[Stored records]
_ _ _ _ _
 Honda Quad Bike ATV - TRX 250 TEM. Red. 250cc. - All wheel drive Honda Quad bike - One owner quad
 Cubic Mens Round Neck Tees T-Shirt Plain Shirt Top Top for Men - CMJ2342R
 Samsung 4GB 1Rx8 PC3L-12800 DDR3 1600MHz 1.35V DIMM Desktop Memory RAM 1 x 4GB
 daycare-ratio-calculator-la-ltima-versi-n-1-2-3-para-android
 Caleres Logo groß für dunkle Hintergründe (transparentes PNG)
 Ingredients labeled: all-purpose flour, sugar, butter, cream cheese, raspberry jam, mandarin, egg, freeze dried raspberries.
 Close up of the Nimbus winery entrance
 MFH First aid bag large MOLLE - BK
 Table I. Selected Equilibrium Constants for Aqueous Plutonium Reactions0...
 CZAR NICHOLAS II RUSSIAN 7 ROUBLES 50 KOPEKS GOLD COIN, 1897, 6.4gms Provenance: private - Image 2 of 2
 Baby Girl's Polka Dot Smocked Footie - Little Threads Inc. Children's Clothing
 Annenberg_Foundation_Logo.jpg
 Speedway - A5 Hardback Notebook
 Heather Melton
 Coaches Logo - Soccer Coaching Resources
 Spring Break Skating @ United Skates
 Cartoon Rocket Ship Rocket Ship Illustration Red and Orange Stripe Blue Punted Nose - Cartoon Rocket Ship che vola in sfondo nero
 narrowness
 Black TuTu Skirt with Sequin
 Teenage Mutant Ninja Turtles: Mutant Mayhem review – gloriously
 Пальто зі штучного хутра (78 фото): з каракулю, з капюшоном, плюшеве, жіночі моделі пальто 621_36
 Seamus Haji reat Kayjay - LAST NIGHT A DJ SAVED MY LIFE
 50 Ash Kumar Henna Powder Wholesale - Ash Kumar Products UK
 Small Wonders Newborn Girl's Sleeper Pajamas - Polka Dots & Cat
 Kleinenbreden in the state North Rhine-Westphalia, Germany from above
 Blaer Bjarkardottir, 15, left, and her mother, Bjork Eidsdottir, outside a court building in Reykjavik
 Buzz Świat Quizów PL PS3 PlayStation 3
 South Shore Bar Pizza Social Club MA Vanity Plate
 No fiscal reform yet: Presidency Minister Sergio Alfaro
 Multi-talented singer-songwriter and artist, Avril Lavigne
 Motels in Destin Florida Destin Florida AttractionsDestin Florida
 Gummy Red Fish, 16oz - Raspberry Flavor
_ _ _ _ _
# Instructions to follow
Copy the data above in full, character for character.

# Written answer
 Honda Quad Bike ATV - TRX 250 TEM. Red. 250cc. - All wheel drive Honda Quad bike - One owner quad
 Cubic Mens Round Neck Tees T-Shirt Plain Shirt Top Top for Men - CMJ2342R
 Samsung 4GB 1Rx8 PC3L-12800 DDR3 1600MHz 1.35V DIMM Desktop Memory RAM 1 x 4GB
 daycare-ratio-calculator-la-ltima-versi-n-1-2-3-para-android
 Caleres Logo groß für dunkle Hintergründe (transparentes PNG)
 Ingredients labeled: all-purpose flour, sugar, butter, cream cheese, raspberry jam, mandarin, egg, freeze dried raspberries.
 Close up of the Nimbus winery entrance
 MFH First aid bag large MOLLE - BK
 Table I. Selected Equilibrium Constants for Aqueous Plutonium Reactions0...
 CZAR NICHOLAS II RUSSIAN 7 ROUBLES 50 KOPEKS GOLD COIN, 1897, 6.4gms Provenance: private - Image 2 of 2
 Baby Girl's Polka Dot Smocked Footie - Little Threads Inc. Children's Clothing
 Annenberg_Foundation_Logo.jpg
 Speedway - A5 Hardback Notebook
 Heather Melton
 Coaches Logo - Soccer Coaching Resources
 Spring Break Skating @ United Skates
 Cartoon Rocket Ship Rocket Ship Illustration Red and Orange Stripe Blue Punted Nose - Cartoon Rocket Ship che vola in sfondo nero
 narrowness
 Black TuTu Skirt with Sequin
 Teenage Mutant Ninja Turtles: Mutant Mayhem review – gloriously
 Пальто зі штучного хутра (78 фото): з каракулю, з капюшоном, плюшеве, жіночі моделі пальто 621_36
 Seamus Haji reat Kayjay - LAST NIGHT A DJ SAVED MY LIFE
 50 Ash Kumar Henna Powder Wholesale - Ash Kumar Products UK
 Small Wonders Newborn Girl's Sleeper Pajamas - Polka Dots & Cat
 Kleinenbreden in the state North Rhine-Westphalia, Germany from above
 Blaer Bjarkardottir, 15, left, and her mother, Bjork Eidsdottir, outside a court building in Reykjavik
 Buzz Świat Quizów PL PS3 PlayStation 3
 South Shore Bar Pizza Social Club MA Vanity Plate
 No fiscal reform yet: Presidency Minister Sergio Alfaro
 Multi-talented singer-songwriter and artist, Avril Lavigne
 Motels in Destin Florida Destin Florida AttractionsDestin Florida
 Gummy Red Fish, 16oz - Raspberry Flavor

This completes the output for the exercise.